Data for this exercise:
----------------------------------------

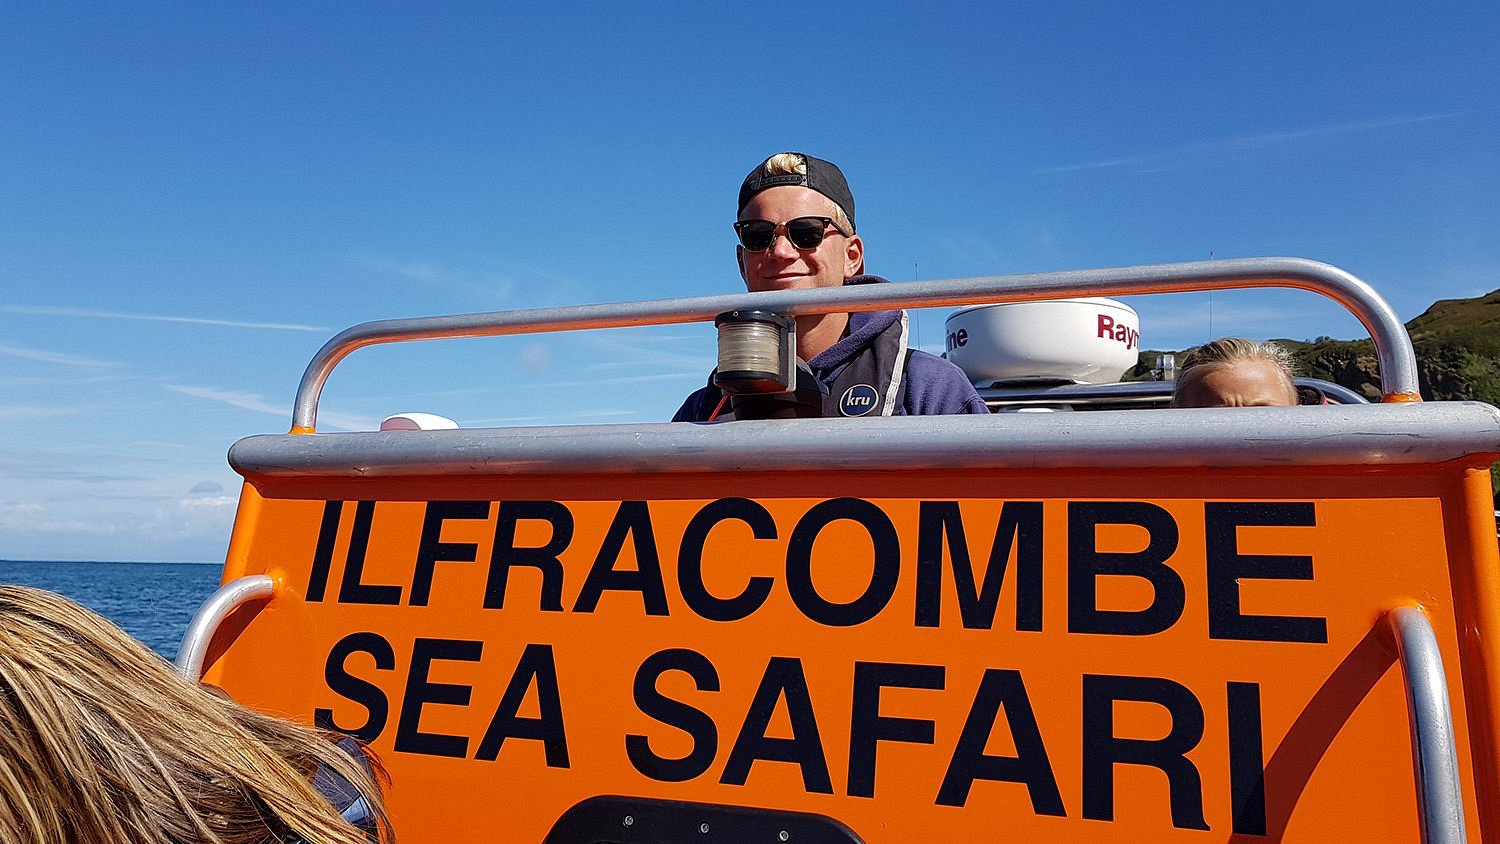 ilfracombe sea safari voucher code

----------------------------------------

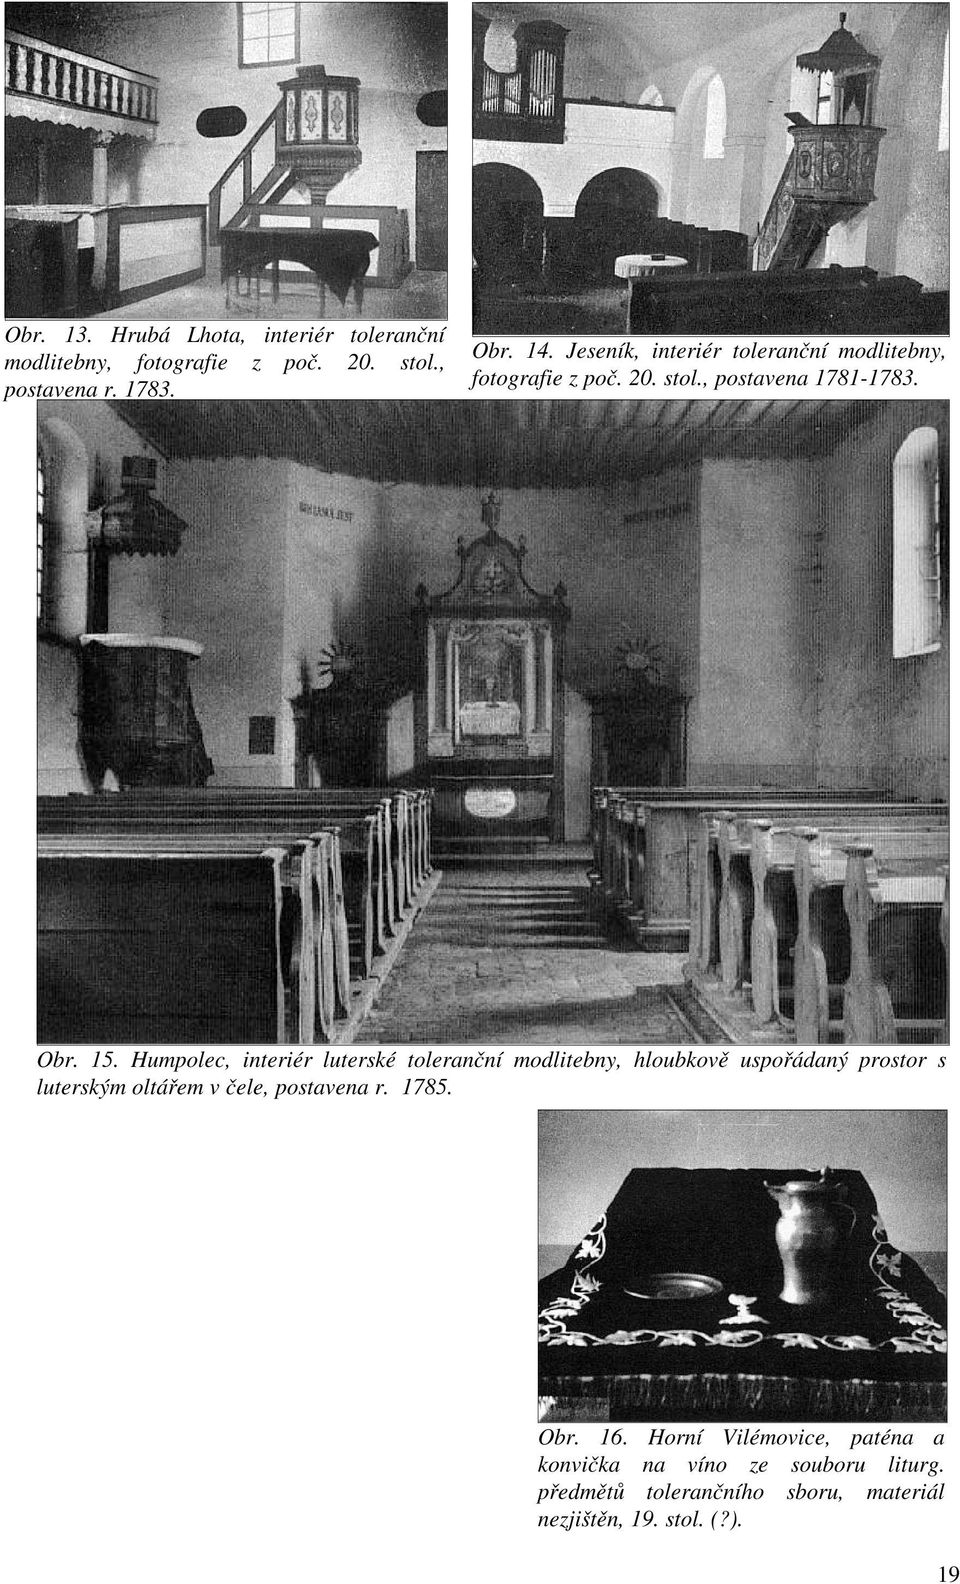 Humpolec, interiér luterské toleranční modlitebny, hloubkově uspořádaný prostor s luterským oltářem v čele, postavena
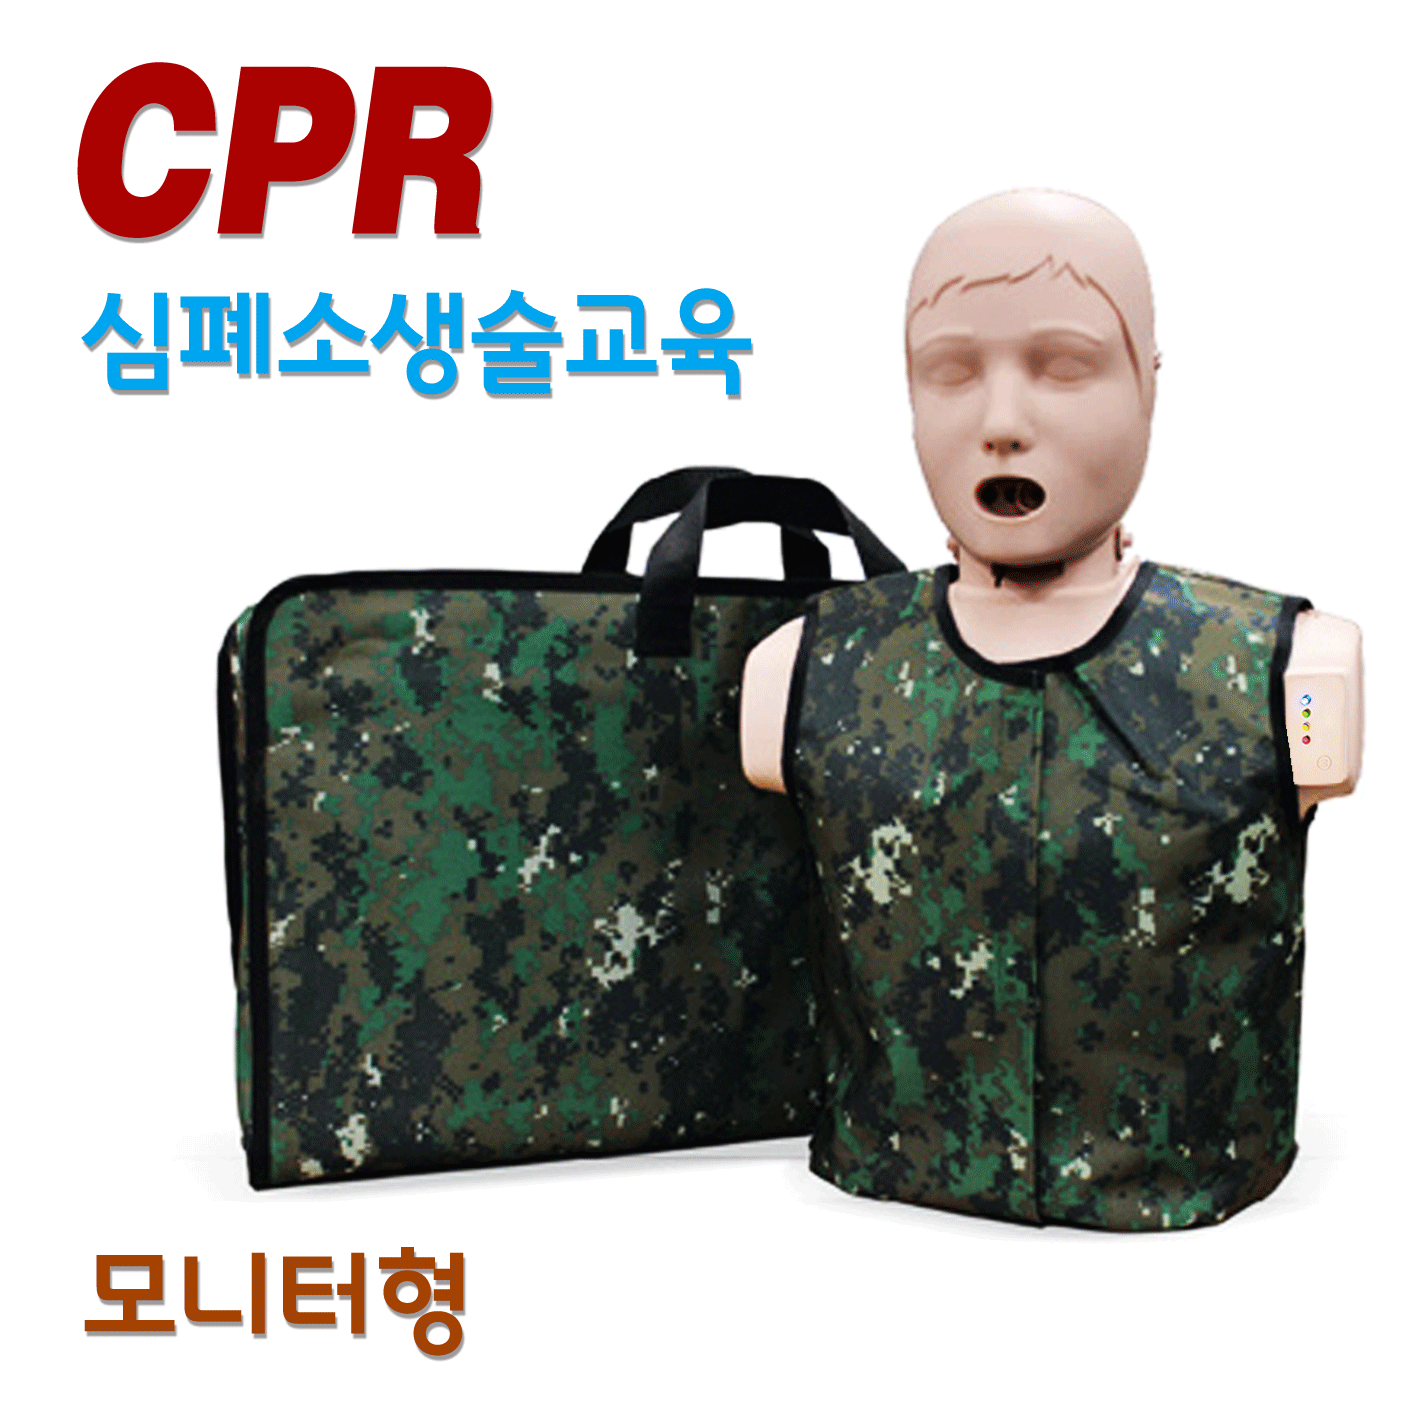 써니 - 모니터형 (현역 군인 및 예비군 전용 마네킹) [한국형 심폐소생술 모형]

----------------------------------------

The problem: In the entries above, every line from the line with "Humpolec, interiér luterské" to the line with "써니 - 모니터형 (현역" is to be printed exactly, with both ends included and pictures excluded.

Exercise output:
 Humpolec, interiér luterské toleranční modlitebny, hloubkově uspořádaný prostor s luterským oltářem v čele, postavena
 써니 - 모니터형 (현역 군인 및 예비군 전용 마네킹) [한국형 심폐소생술 모형]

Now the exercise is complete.